フレイジャーは盗聴器を仕掛けた犯人による作戦と気付くが間に合わず、入り口で爆発があり、その後同じ格好の人質たちが一斉に出てくる。人質と犯人の区別がつかないので、警察は全員の身柄を確保した。
行内に入った警察は、金庫の金が無事で、殺しはモデルガンと血糊による偽装と知った。取り調べでは犯人を特定できずお手上げになり、さらに何らかの圧力がかかり、上司から事件を葬るよう指示される。
フレイジャーはホワイトを訪ねケイト会長の秘密を聞くが彼女は口を割らず、ホワイトはケイトの秘密を守ることを条件に彼から多額の小切手を受け取った。
1週間後、地下の備品室の壁裏にスペースを作って隠れていたダルトンは、封筒と大量のダイヤを持って表に出て、入れ違いに392番の貸金庫を見たフレイジャーは、ケース入り指輪と「指輪を追え」のメッセージを発見する。
フレイジャーは、ケイトとホワイトへの捜査を開始する。そして家に帰り、ポケットに見知らぬダイヤを見つけ、銀行ですれ違った男を思い出して全てを悟りニヤリと笑った。

《感想》銀行強盗犯は、人質に自分たちと同じ服装をさせて紛れ込み、見分けがつかないようにして警察の手を逃れるが、映画の展開には、事件の進行の合間にその後の取調べシーンを挿入して、事件の顛末を少しずつ見せていく。
斬新な手口と謎解きが楽しめるが、犯人の目的はなかなか見えてこない。
そして金庫狙いの予想ははずれ、秘蔵の文書とダイヤだけを盗んで、銀行会長の過去の悪行を懲らしめる義賊のようなスマートさで完全犯罪に終わる。だが数々の謎に包まれる。
巧妙に仕組まれた謎もあり、単に脚本の“穴”もあるような気がする。
封筒の中身が戦時中の犯罪を記した文書ならば、会長はなぜ処分しなかったのか。あるいは、そんな文書を盗んでどうするのか。1週間も備品室の壁裏に潜むのは無理だろう、とか。
もしかしたら、見えない隣室で暴行を受けた銀行員もグルではないかと疑いの目を向けたり、これ見よがしの処刑シーンに驚いたら偽装で肩透かしを食ったり、騙される快感に浸れる。
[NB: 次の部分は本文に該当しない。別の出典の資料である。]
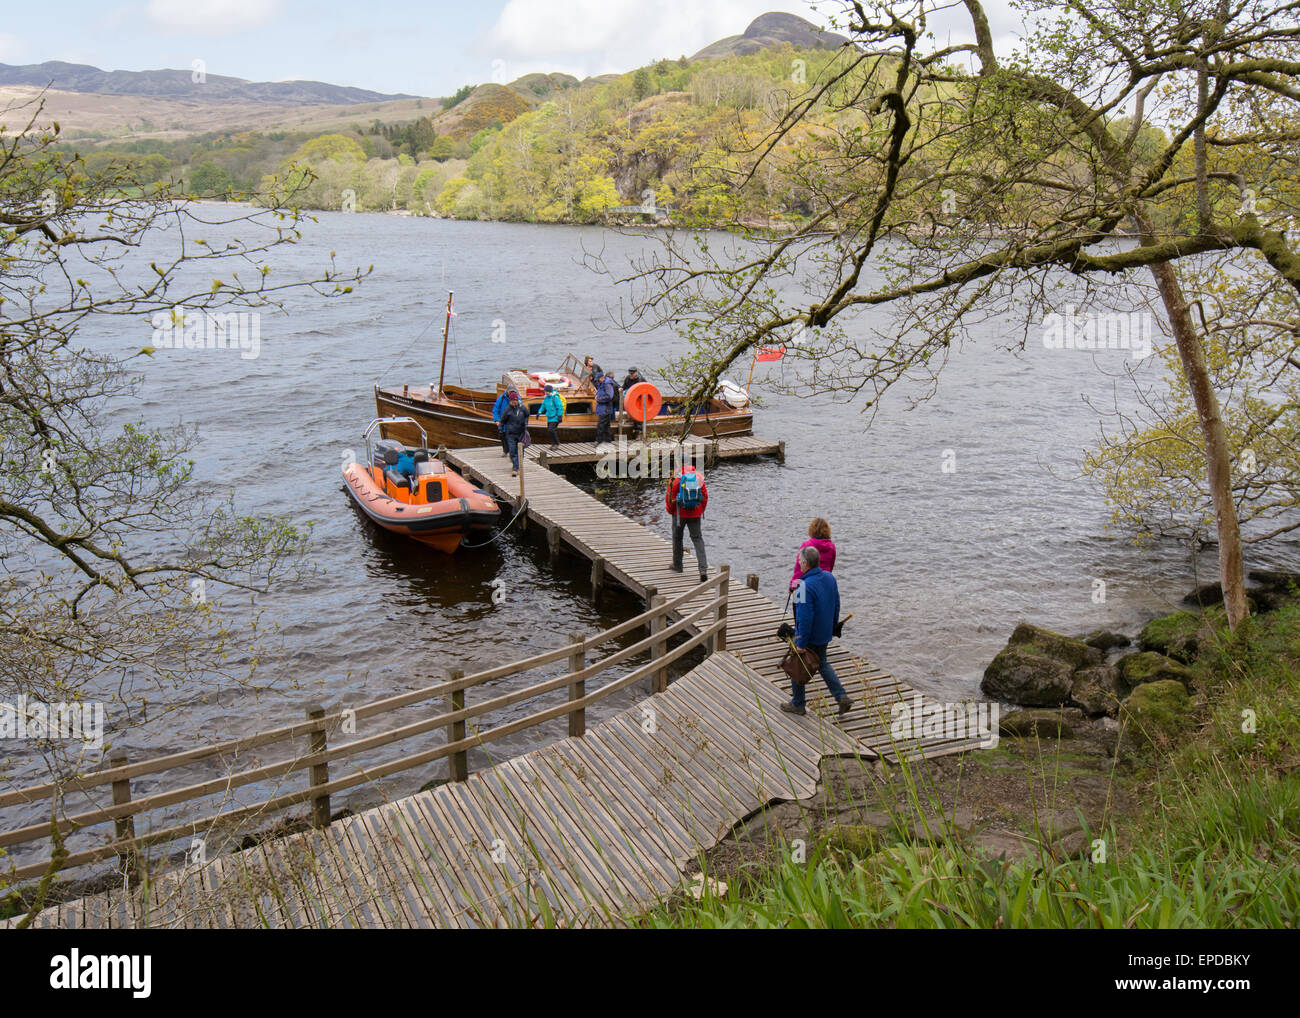 Ferry moored at North Pier - Inchcailloch - an island on Loch Lomond, Scotland, UK. Stock Photo

時に「何か、おかしくないか?」と考えさせ、多くを語らないことがその裏やスキ間を探らせ、それら“謎や余白”も全て制作側が意図したもののように思えてくる。
それを明かさないまま終わった消化不良感は残るのだが、先が読めない巧妙な作りと淡々とした展開、会話も粋で大人のサスペンスは味わい深い。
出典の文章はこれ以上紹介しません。